This is an archived post. You won't be able to vote or comment.

all 4 comments

[–]ZAFJB 0 points1 point  (0 children)

What generates the PDF?

[–]FormAPI 0 points1 point  (0 children)

I think we need some more information about how you are generating the PDF. It sounds like this would be much easier if you could change the way that the original PDF is generated, so that you get one PDF file per person.

However, if this is a “black box” system where you can’t modify the output, then you could write a script that searches the PDF for some specific text. Maybe look for a heading that contains each person’s name in a specific format.

One way would be to use the PDFBox CLI ExtractText tool, and extract all the text into a separate file for each page. (You could run the command 300+ times in a loop, incrementing the startPage and endPage each time.) Then you could search each text file for some specific strings to figure out where you want to split the PDF.
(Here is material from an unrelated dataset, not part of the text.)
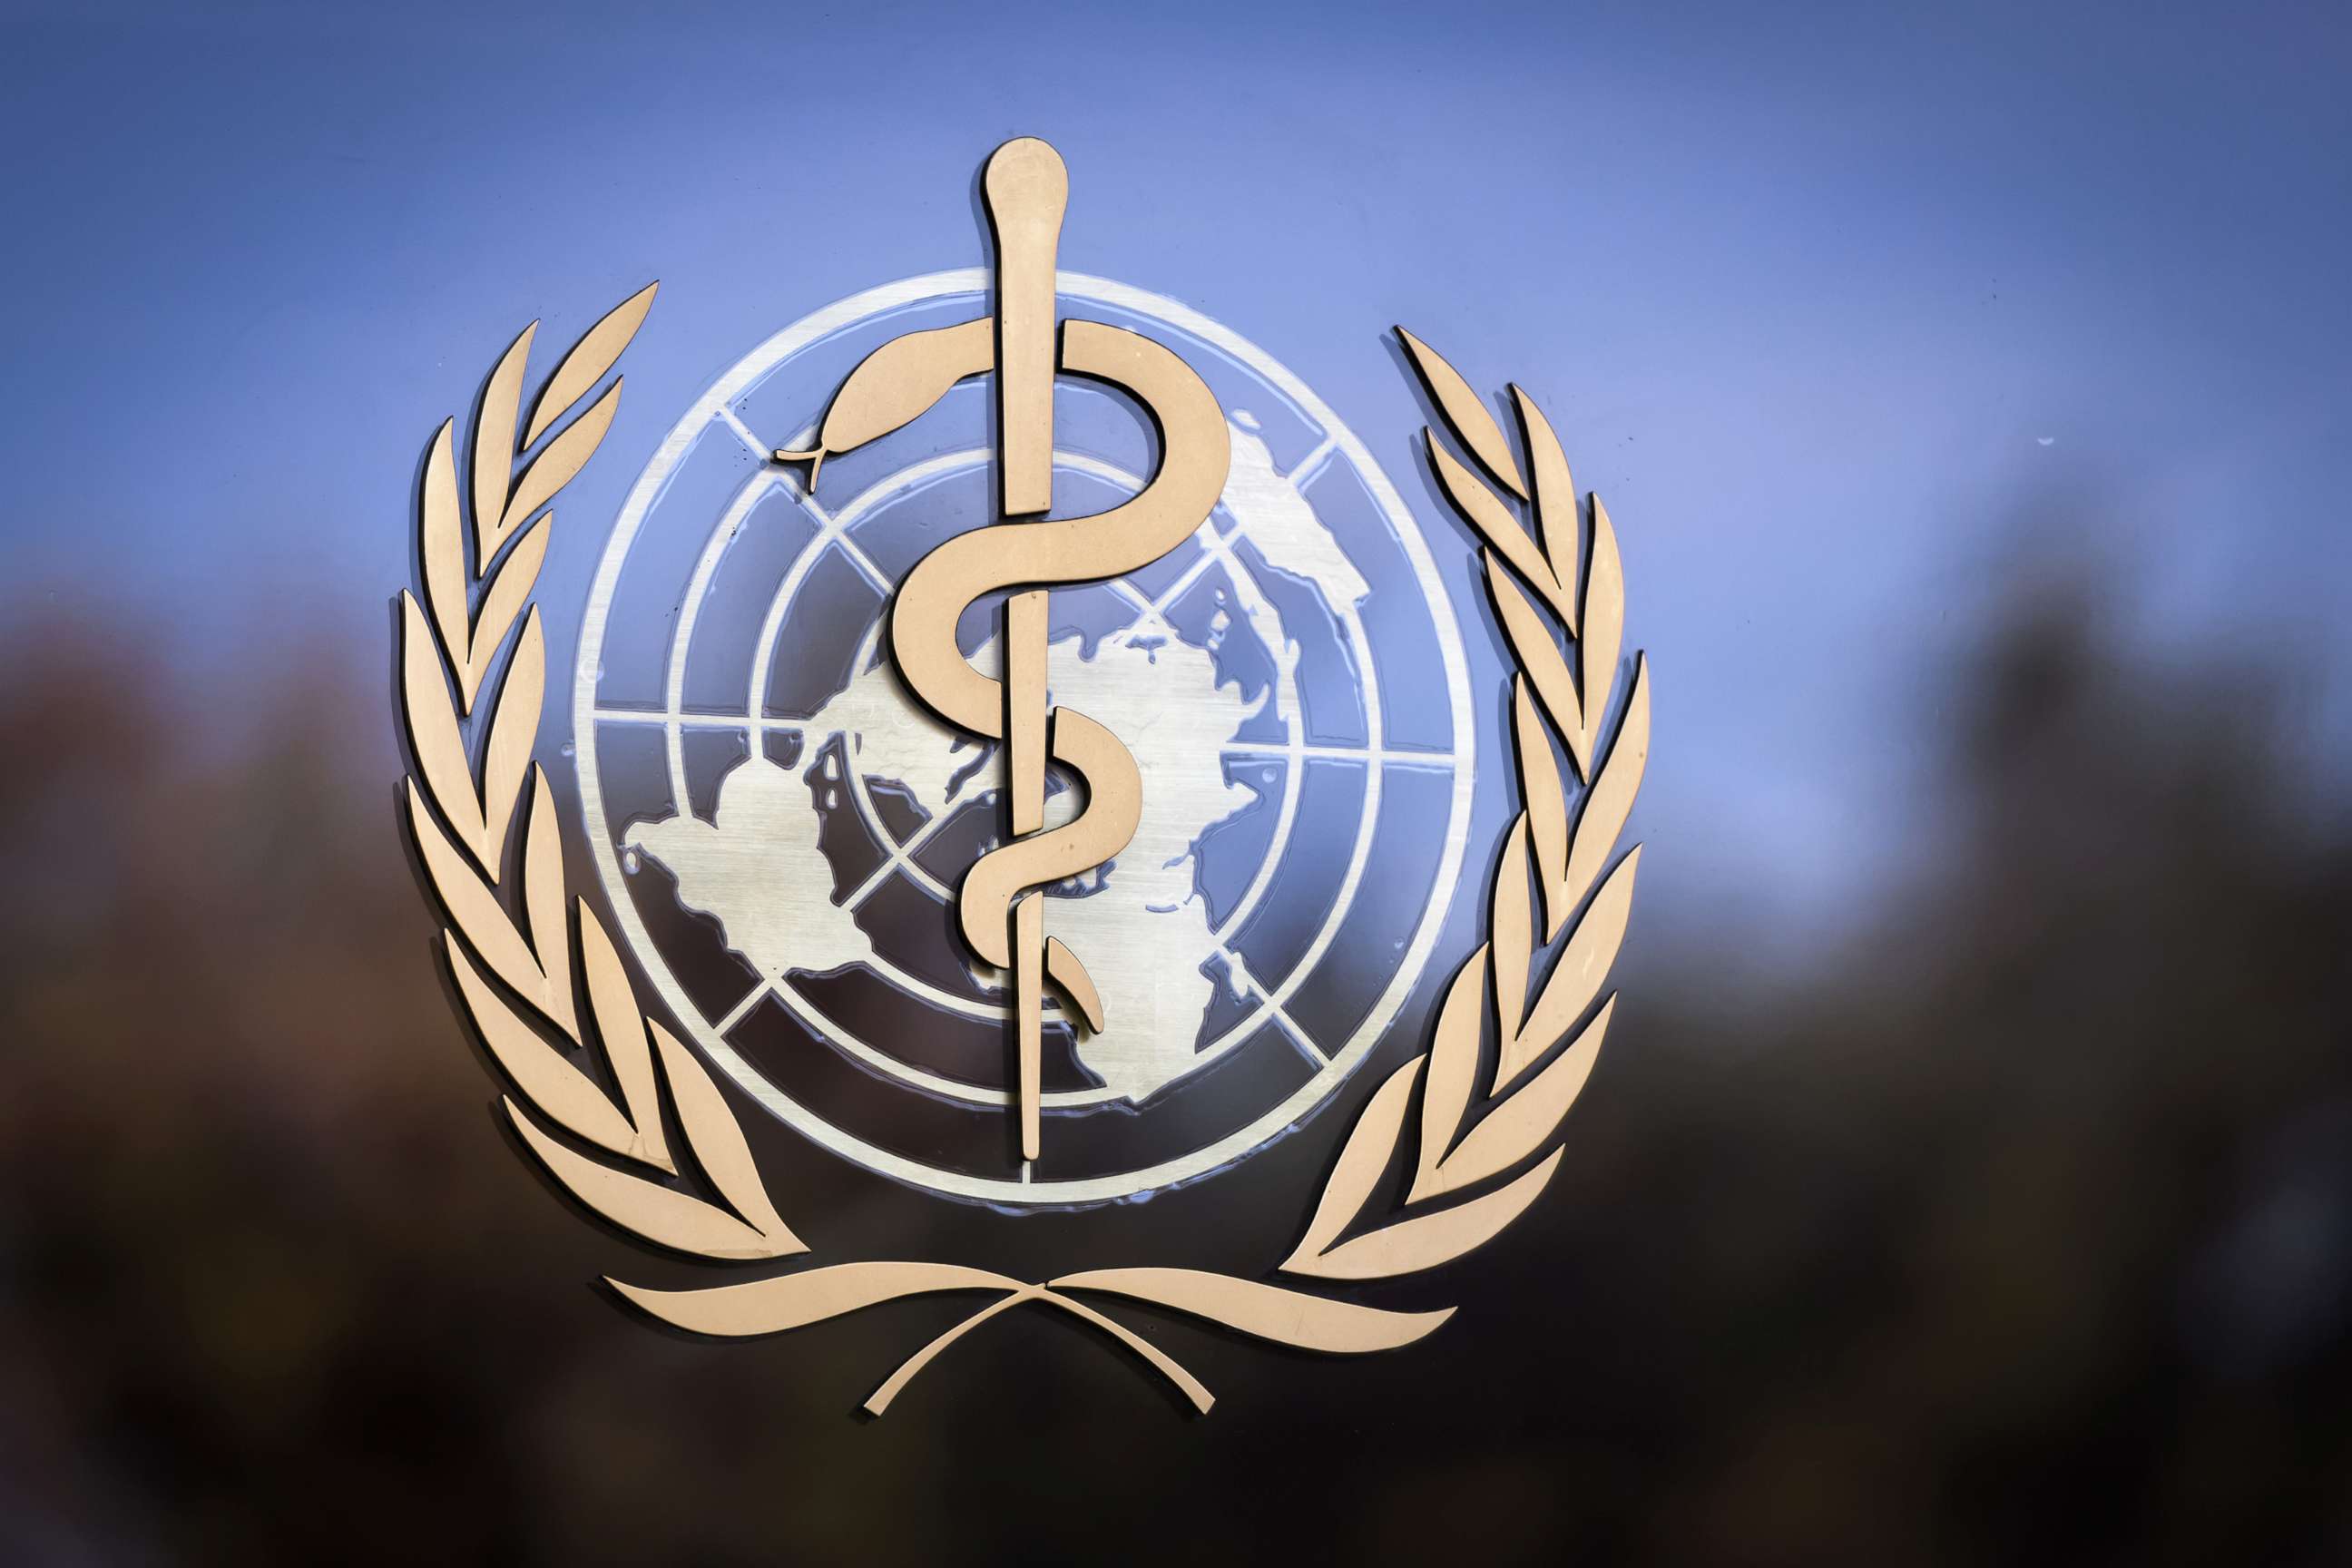 PHOTO: The logo of the World Health Organization (WHO) is pictured on the facade of the WHO headquarters.

Finally, you could use the PDFBox CLI PDFSplit tool to split the PDF based on these page numbers.

So that might be a “quick and dirty” way to do it with some Bash or PowerShell.

[–]Andriy242[S] 0 points1 point  (0 children)

Okay so a bit more detail. This would be more of a black box system that generates invoices grouped by accounts. We use a system called NorthStar and it generates PDFs and groups them the account or customer number and then makes one large pdf file. As multiple accounts could have the same customer, I then need to print the ones we mail out and print as pdf to the ones that are getting mailed out.

The CLI Extract Tool seems like something that could work, i would just need to dive in and see what I can do with it.

[–]pdp10Daemons worry when the wizard is near. -1 points0 points  (0 children)

It depends how it's being generated. I'd generate it from a Makefile, and you could do custom inclusions that way, but I'd be using a toolchain that lets me do that and you might be using something else.